By buying up outstanding invoices, the Facebook Invoice Fast Track program puts money in the hands of small businesses that would have otherwise had to wait weeks if not months to get paid by their customers. 

The program is the latest effort by Facebook to build its relationships and long-term loyalty among small businesses, many of whom rely on the social network to place ads targeted to niche demographics who may be interested in their services. 

Businesses can submit outstanding invoices of a minimum of $1,000, and if accepted, Facebook will buy the invoice from the small business and pay them within a matter of days. The customers then pay Facebook the outstanding invoices at the same terms they had agreed to with the small business. For Facebook, which generated nearly $86 billion in revenue in 2020, waiting for payments is much less dire than it is for small businesses. 

Facebook piloted a smaller version of the program in 2020 after hearing how much the company’s suppliers were struggling in the wake of the Covid-19 pandemic, said Rich Rao, Facebook’s vice president of small business. 

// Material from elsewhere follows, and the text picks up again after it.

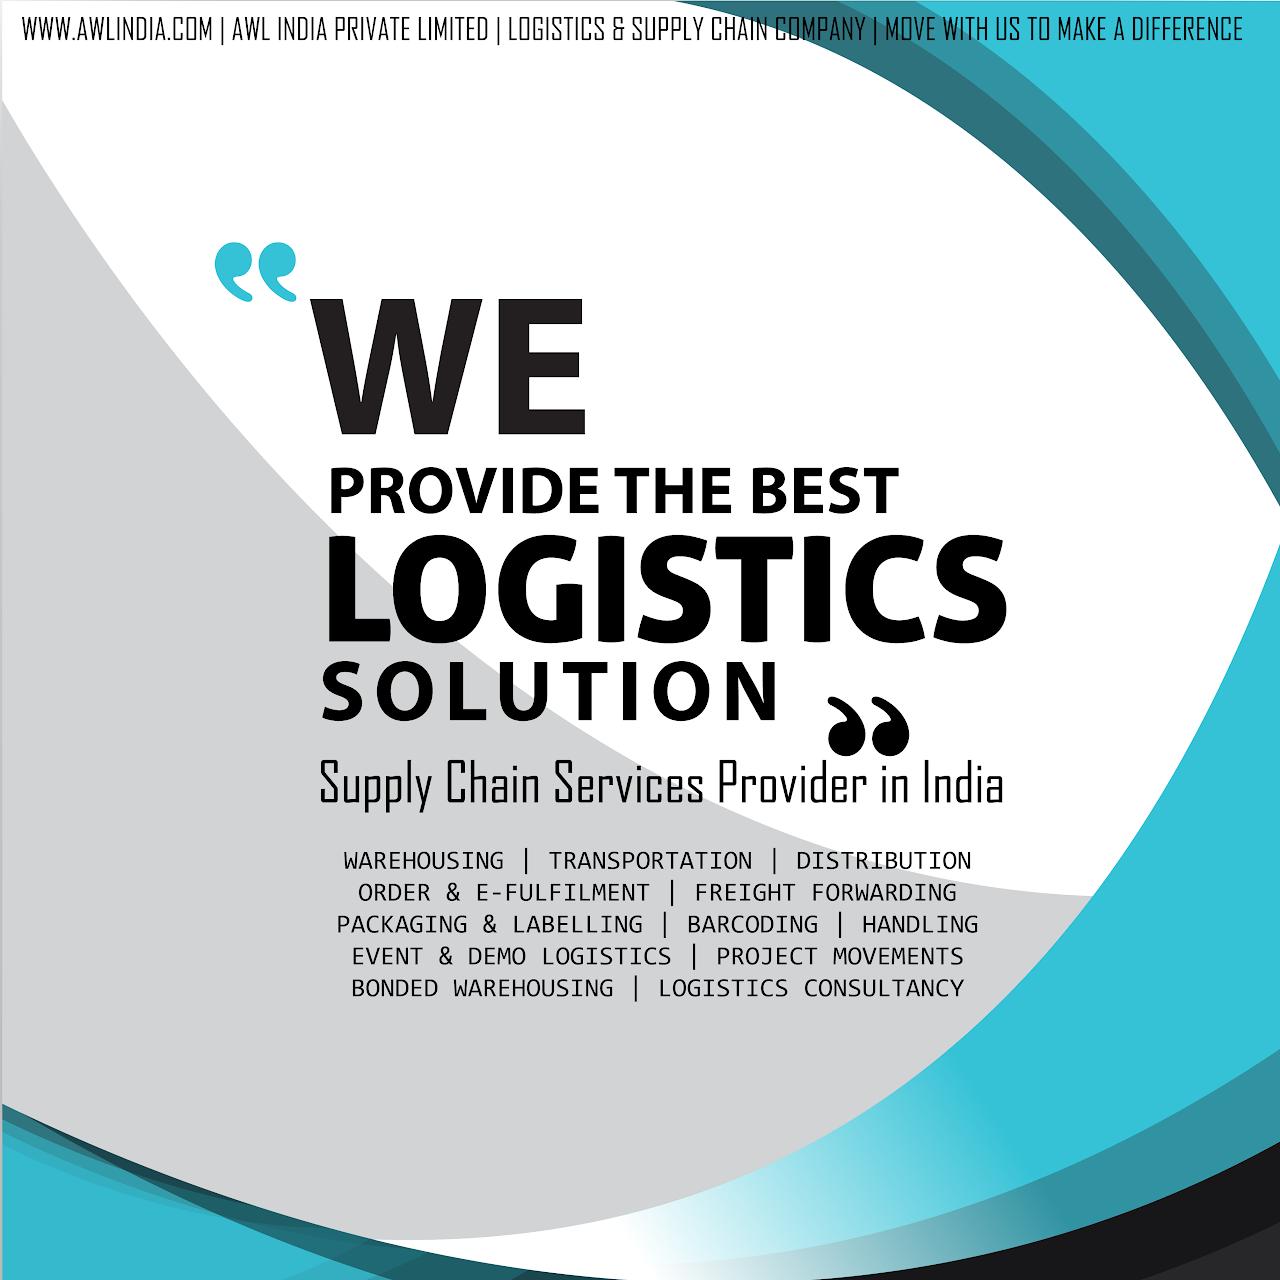 AWL India Pvt Ltd - Mumbai - Warehouse & Transportation in

“We just heard first-hand the financial hardships that these suppliers were facing, and it was created really quickly and brought up as an idea and pitched to our CFO to say, ‘Hey, would we be able to help our suppliers with this?'” Rao said. “It was a very small pilot, but we did see that be very successful.”

Now, Facebook is drastically expanding the program and will buy up to $100 million in outstanding invoices. Rao estimates this will support approximately 30,000 small businesses.

“It’s a new concept, but we’re really excited about it,” Rao said.

U.S. businesses owned by women and minorities, and that are members of supplier organizations that serve underrepresented groups, are eligible to apply for the program. This includes the National Minority Supplier Development Council, Women’s Business Enterprise National Council, National LGBT Chamber of Commerce, the National Veterans Business Development Council, Disability: IN and the U.S. Pan Asian American Chamber of Commerce. Facebook is also exploring adding more partner organizations for the program, the company told CNBC. 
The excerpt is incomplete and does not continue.